A random sample of size $5$ is taken from the distribution with density \[ f(x;\theta)= \begin{cases} \dfrac{3x^2}{\theta^3}, & 0[6pt] 0, & \text{elsewhere}, \end{cases} \] where $\theta$ is unknown. If the observations are $3,6,4,7,5$, then the maximum likelihood estimate of the $1/8$ quantile of the distribution (rounded off to one decimal place) is __________.

Hint:

For densities of the form $f(x;\theta)=k x^{k-1}/\theta^k$ on $(0,\theta)$, the MLE is $\widehat{\theta}=\max X_i$, and quantiles scale linearly with $\theta$.

Answer 1

Correct Answer: 3.5

Given

The probability density function is

\[ f(x;\theta)= \begin{cases} \dfrac{3x^2}{\theta^3}, & 0 < x < \theta \\ 0, & \text{elsewhere} \end{cases} \]

Sample size \( n = 5 \) and observations are: \[ 3,\;6,\;4,\;7,\;5 \]

---

Step 1: Find the MLE of \( \theta \)

For this distribution, the likelihood is positive only when \[ \theta \ge \max(X_1, X_2, \dots, X_n) \]

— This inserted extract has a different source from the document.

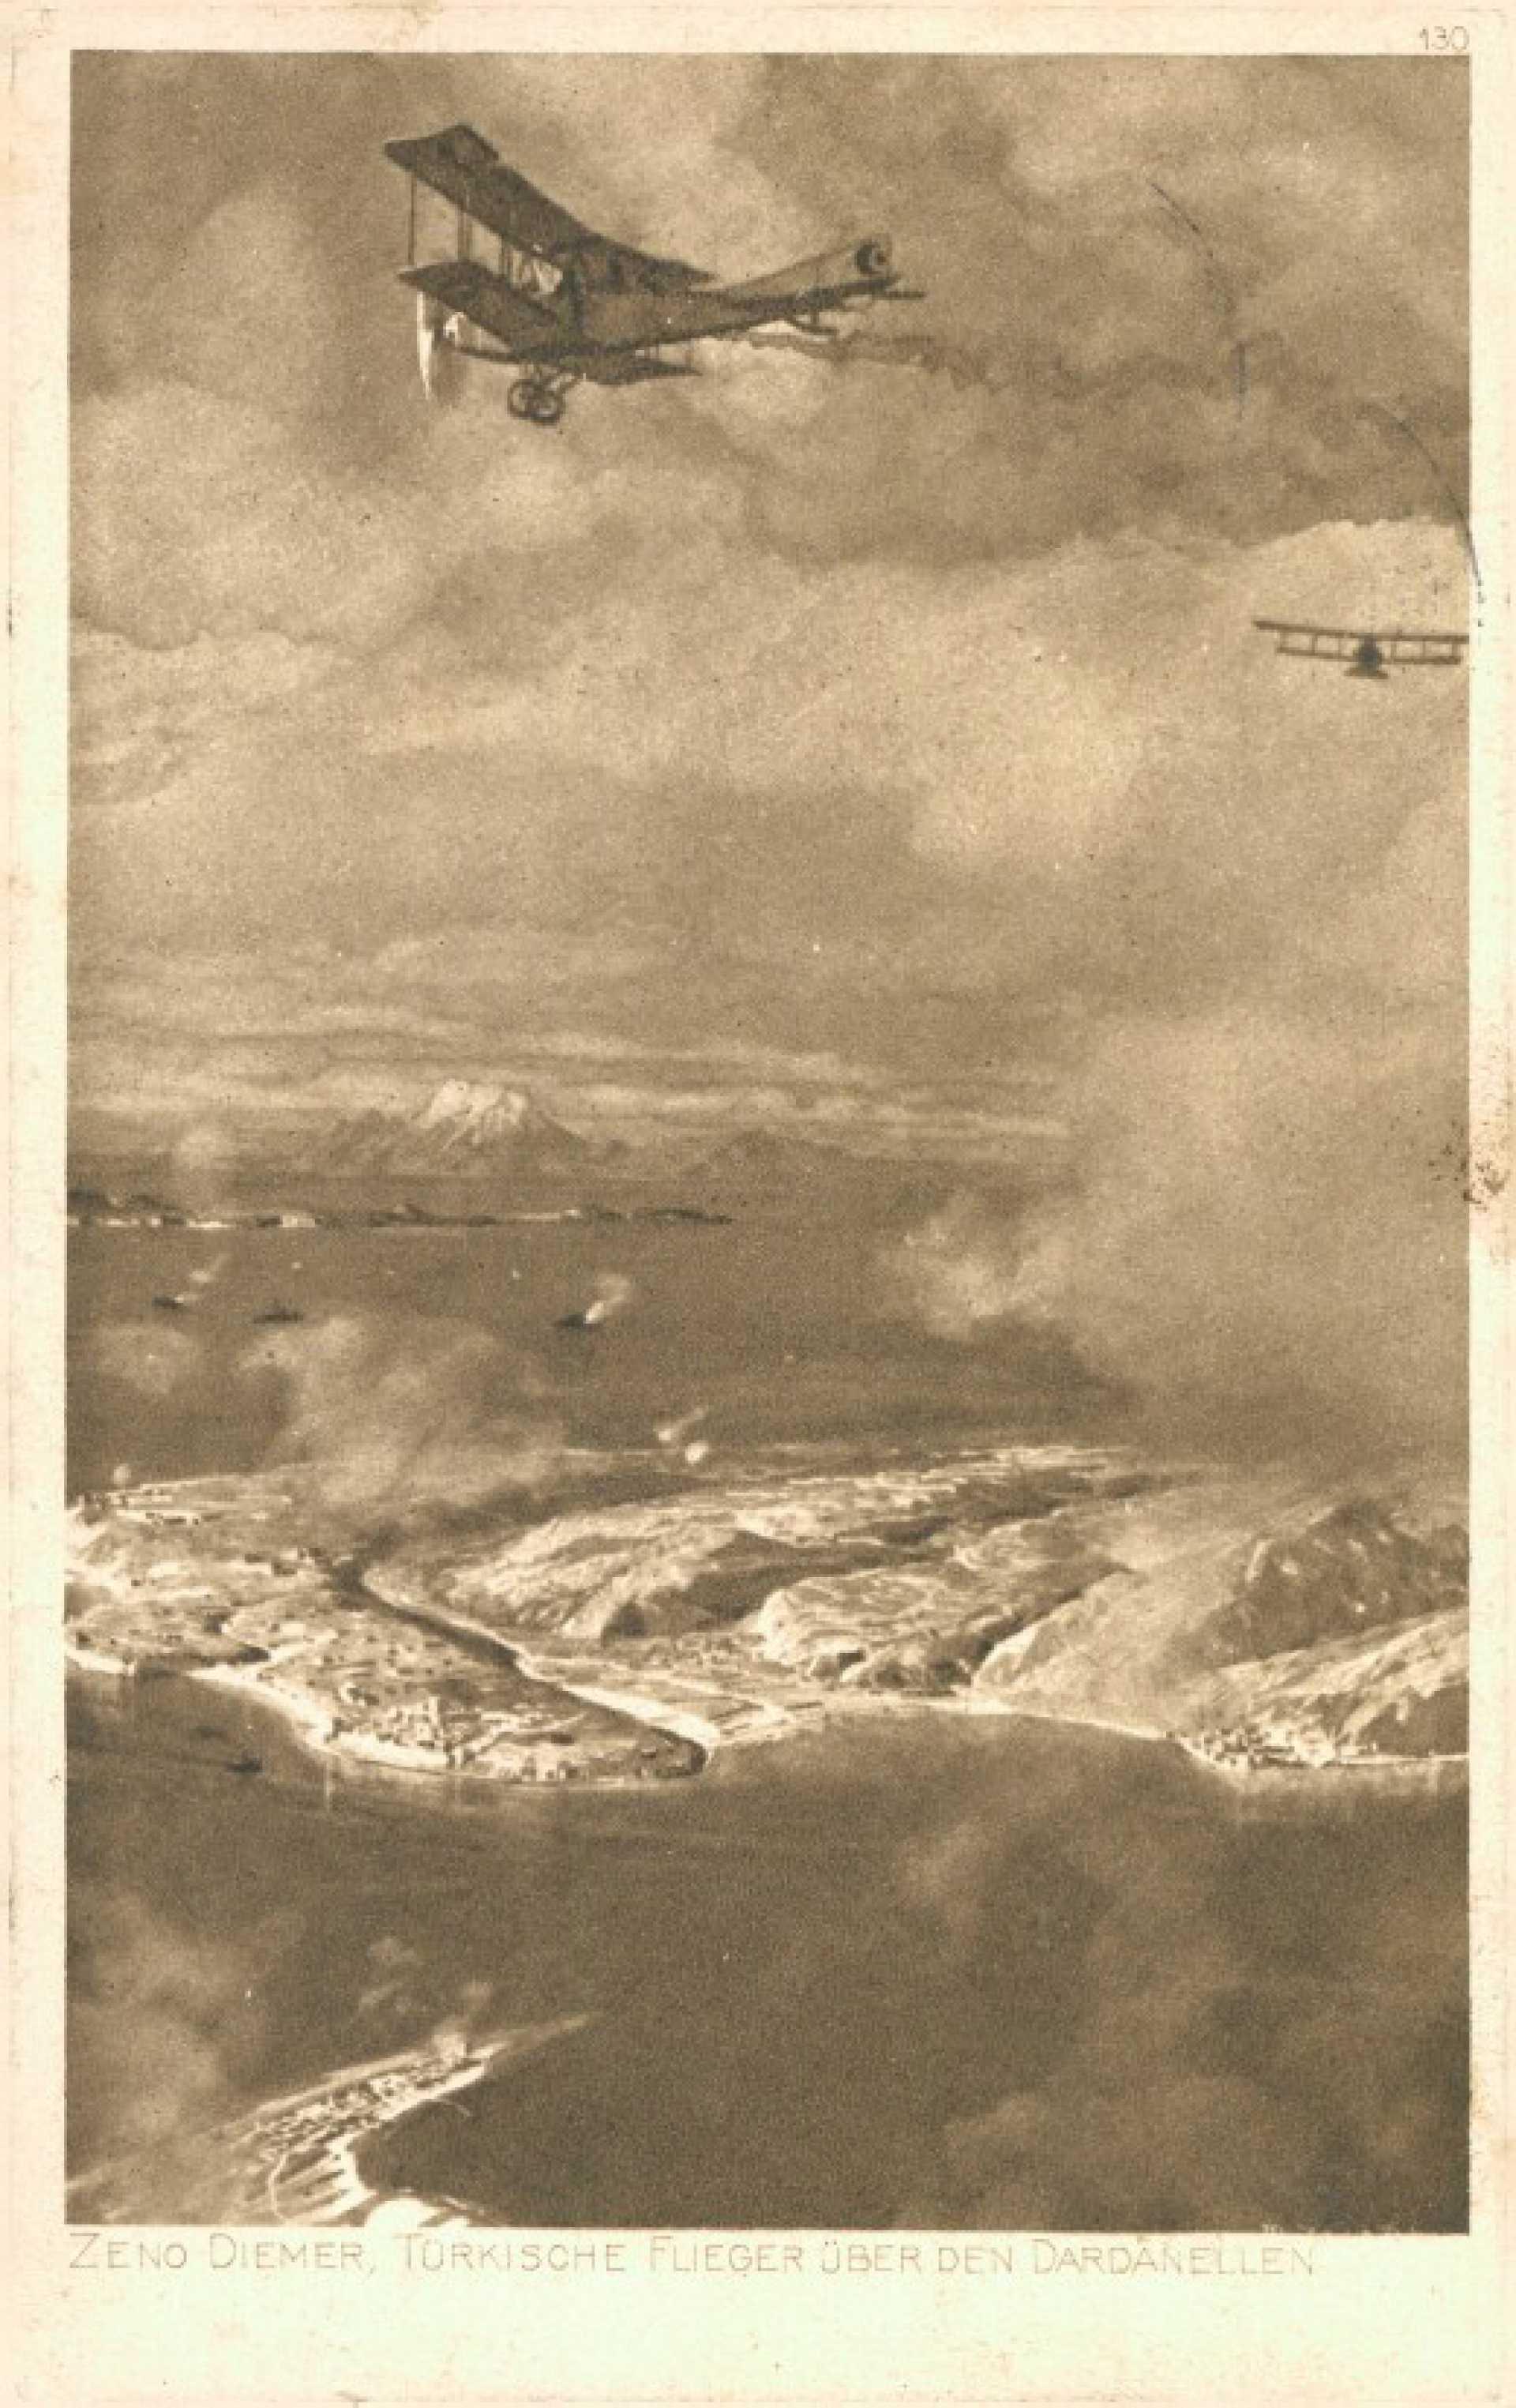 Zeno diemer. türkische flieger über den Dardanellen

Hence, the maximum likelihood estimator is:

\[ \hat{\theta} = \max\{3,6,4,7,5\} = 7 \]

---

Step 2: Find the distribution function

The cumulative distribution function is:

\[ F(x) = \int_0^x \frac{3t^2}{\theta^3}\,dt = \frac{x^3}{\theta^3}, \quad 0 < x < \theta \]

---

Step 3: Find the \( \tfrac{1}{8} \) quantile

The \( \tfrac{1}{8} \) quantile \( q_{1/8} \) satisfies:

\[ F(q_{1/8}) = \frac{1}{8} \]

\[ \frac{q_{1/8}^3}{\theta^3} = \frac{1}{8} \]

\[ q_{1/8} = \theta \left(\frac{1}{8}\right)^{1/3} = \frac{\theta}{2} \]

---

Step 4: Plug in the MLE of \( \theta \)

\[ \hat{q}_{1/8} = \frac{\hat{\theta}}{2} = \frac{7}{2} = 3.5 \]

---

Final Answer

\[ \boxed{3.5} \]